I wasn’t making it up about the National Customer Service Center and attorneys

Friday, August 9th, 2013
By: Jonathan MontagJ.D.

On June 11, 2013, I wrote about how when an attorney calls the USCIS National Customer Service Center (NCSC)  the wait is more than an hour, but when an alien calls about his or her own case, he or she gets nearly immediate help.
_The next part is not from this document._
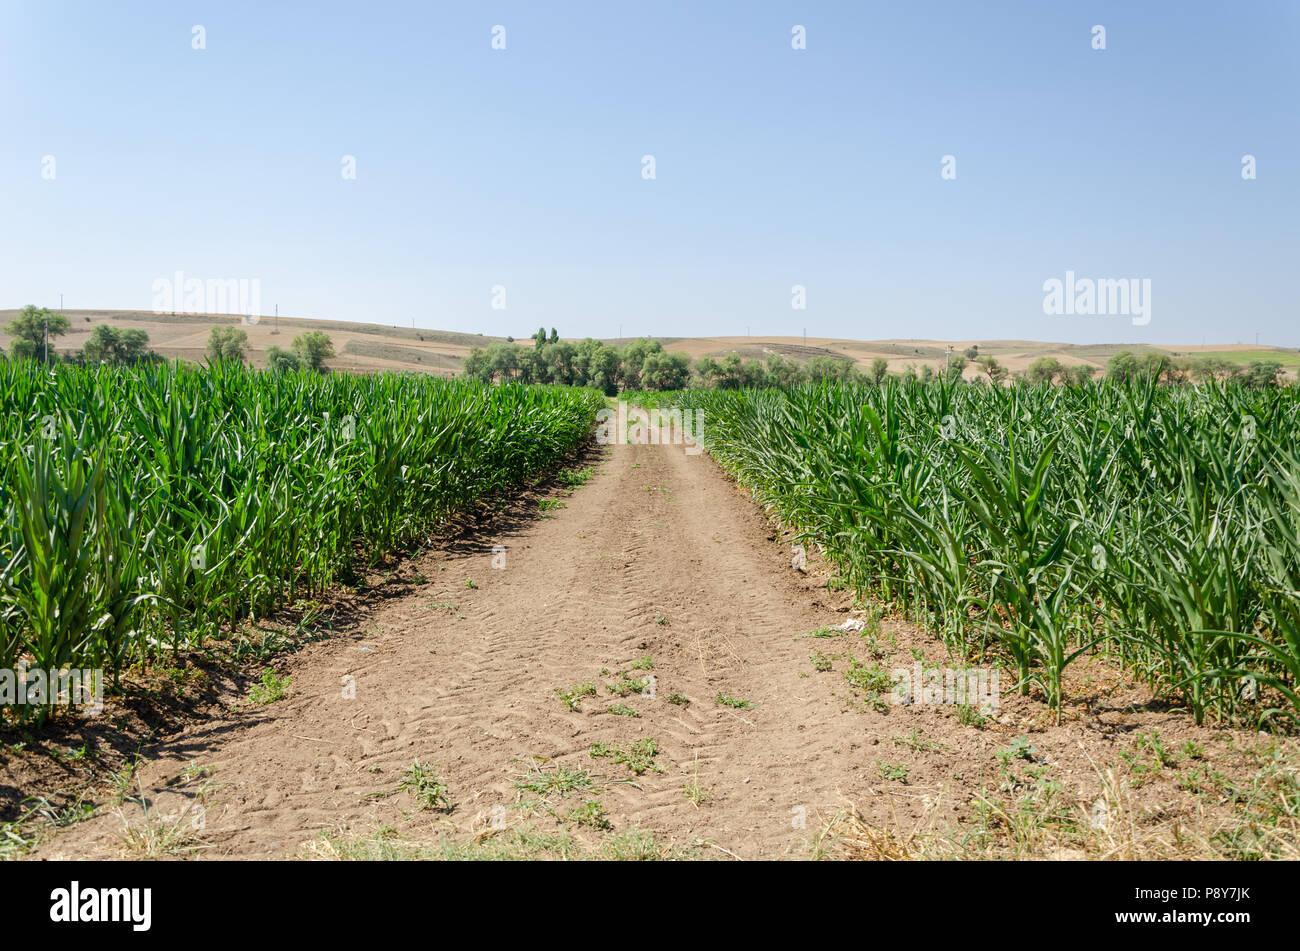 Kornfeld im Sommer. Das Wachstum der Pflanzen. Landwirtschaft Szene. Mais Landwirtschaft. Stockbild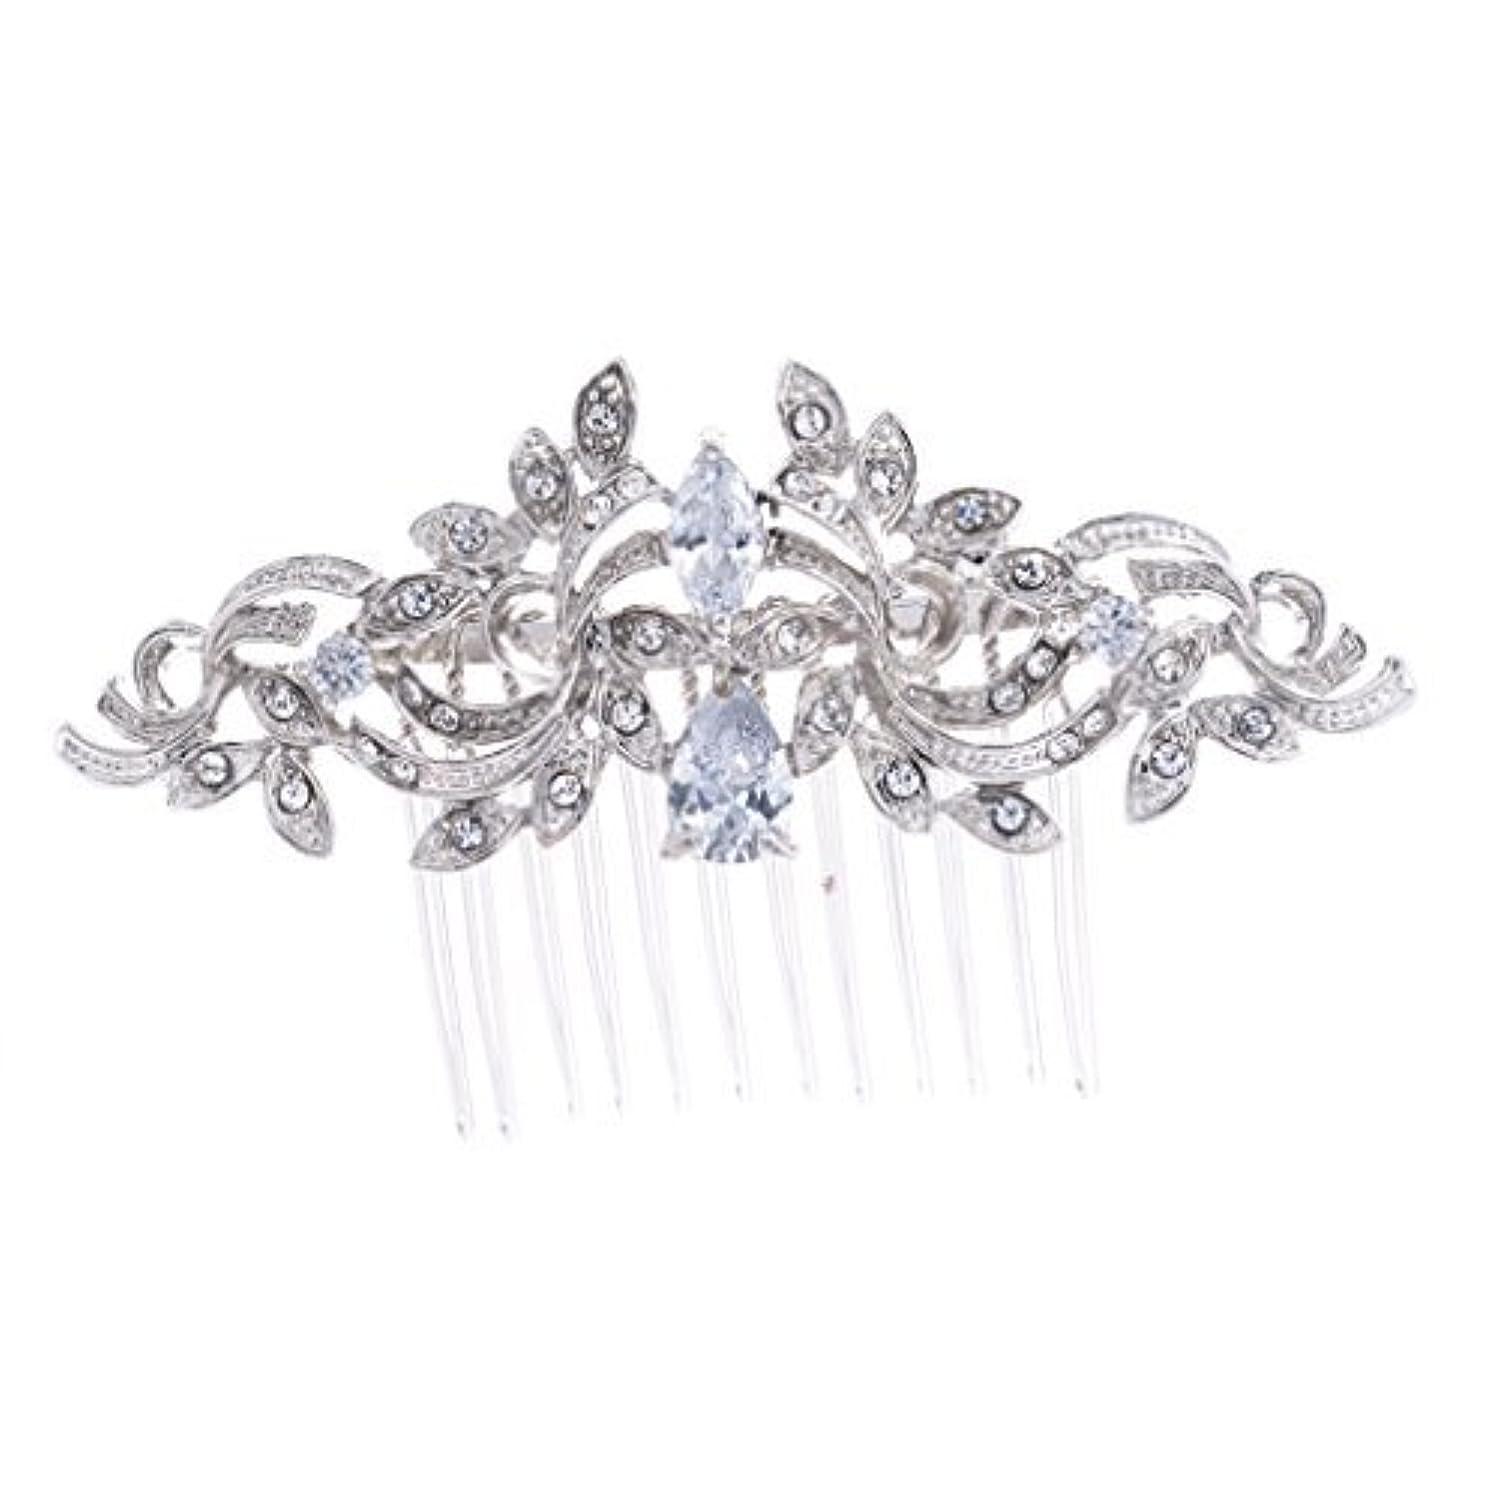 慢なブレイズメトロポリタンSEPBRIDALS Crystal Rhinestone Leaves Hair Comb Hair Pins Bridal Wedding Hair Accessories Jewelry 4012R [並行輸入品]

It turns out I was not just being paranoid. Lawyers were being treated differently. The NCSC works on a two-tier system. Normal inquiries go to Tier One and “unique and complex cases,” i.e., cases you actually have to call about because of excessive delays or mistakes in handling, go to Tier 2. Tier 2 operators were the only ones who could send an inquiry to the USCIS office dealing with a case to try to find out about a problem with a case. All attorney calls have been routed to Tier 2, where all the waiting is. USCIS announced that this will change on August 16. Tier One call operators will be able to refer cases to USCIS offices to look into cases and explain the reasons for a delay or solve a problem leading to delays or mistakes. This was the USCIS announcement:

Dear Stakeholder,

USCIS is changing call routing procedures at the National Customer Service Center (NCSC) to provide faster and more efficient service. Beginning August 16, attorneys and BIA-accredited representatives who need assistance with their client’s case can quickly connect with an NCSC customer service representative, who will send the inquiry to the appropriate USCIS office for resolution. Under this new process, the customer service representative will assess the nature of the call and either accept a service request or transfer the call for more in-depth review. This change will improve the management of calls and reduce wait times to provide timely, individualized customer service to all USCIS customers and their representatives.
As always, USCIS offers its customers a number of online self-help tools. Applicants and their representatives can check case status, find average processing times, submit a case status inquiry (e-Request), change their address or find a USCIS office any time on the USCIS Web site at www.uscis.gov.

Kind Regards,
USCIS Public Engagement Division

Let’s hope that now the NCSC will become a serious tool for USCIS’s customers to solve problems with their cases and for USCIS to learn about and solve problems in their adjudication systems. Posted August 9, 2013.